Por David Martín del Campo
El hombre singular difícilmente sobrevive. Recuérdese al solitario Robinson en su isla desierta, ¿no salvó la vida sino al hallar al aborigen aquel, que de tan anónimo debió bautizar como “Jueves”? No es el caso, pues nosotros dependemos del señor de la tiendita, del farmacéutico, del taquero y del expendedor de boletos, del diputado de nuestro distrito y del locutor en la tele, de la novia, de los hijos, del señor cartero. “Vivir en sociedad” es nuestra condena, nuestro disfrute y nuestra condena.
La culpa es de Irving Berlin, autor de la deliciosa melodía “Cheek to cheek” que estelarizaron Fred Astaire y Ginger Rogers en aquella película de 1935, «Sombrero de copa», en la que los almibarados pretendientes cantaban, a toda baba, aquella estrofa inmortal del “Heaven, I’m in heaven, and my heart beats so that I can hardly speak…” Si, estoy en el cielo y difícilmente puedo hablar mientras mi corazón late de esta manera… porque somos promiscuos, ya lo decíamos, y Eros lo estableció de ese modo. Besucones, abrazones, coronavirusones.
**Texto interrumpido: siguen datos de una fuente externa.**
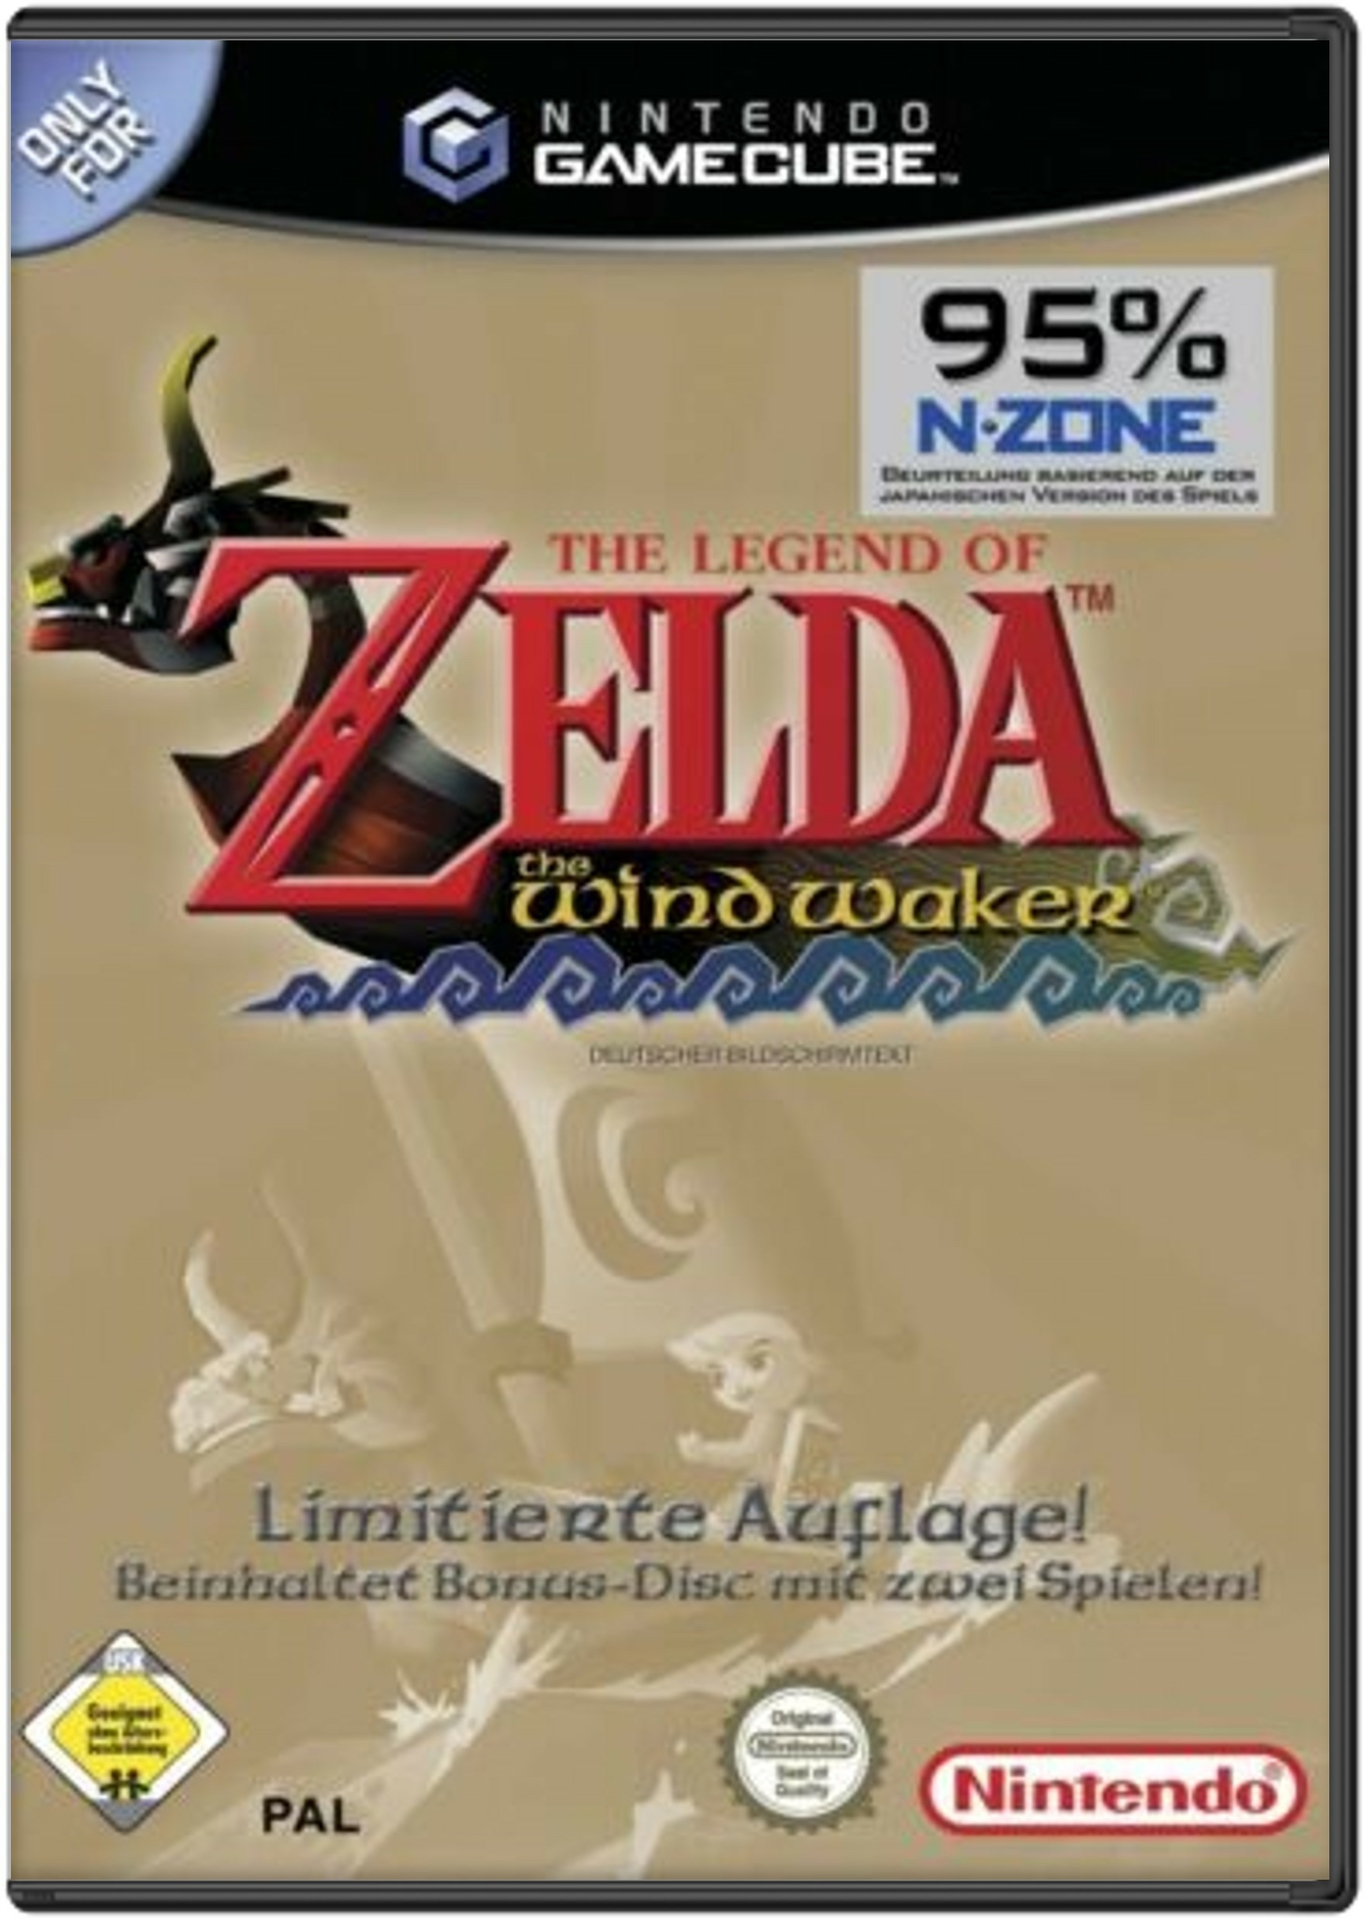 The Legend of Zelda The Windwaker - Limited Edition (German) - Gamecube Games

Lo que no han dicho, porque por ahí apunta la conspiración, es que se trata de alejarnos definitivamente de la tentación comunitaria. Como el santo de Siria, San Simeón Estilita, se pretende que vivamos el resto de nuestros días en aislamiento, lejos de las incitaciones del pecado (¡ah, la carne del prójimo!), abrazando la vida contemplativa y la oración. El santo estilita vivió hasta el último de sus días sobre una torre de siete metros, alejado del tráfago humano y, ¡créanlo!, jamás fue infectado por el covid19.
Lo aseguró un epidemiólogo meses atrás: el microbio “no tiene patitas, ni alitas, ni anda buscando cómo adentrarse en nuestro organismo”. Somos nosotros mismos, con las manos, quienes no encargamos de abrirle las puertas al conducirlo a cualquiera de las mucosas, y si alguien está tosiendo delante de nosotros, por favor, conservemos el cubrebocas y saquémosle la vuelta.
Pero no: crecimos con la cultura de la “sociedad de masas”, por eso la plaza mayor del país no tiene jardines ni árboles, pues el zócalo fue proyectado para alojar a las masas aclamando al autócrata. Una explanada para que el pueblo celebre exultante, gritando loas y siquitibumes, llámese López Mateos, o López Portillo o como sea. Para eso se hizo el zócalo, igual que el Foro de Augusto en Roma, donde asomaba el César para convencer a sus prosélitos.
Ah, llegarán los días felices de la barahúnda*, en que podamos retornar al estadio y refrendar la “ola cocacola”, en que podamos regresar al boliche y saltar en bola después de la “chuza”, en que retornemos al Foro Sol a canturrear babeantes con Aída Cuevas o Pedrito Fernández. Nomás faltaba.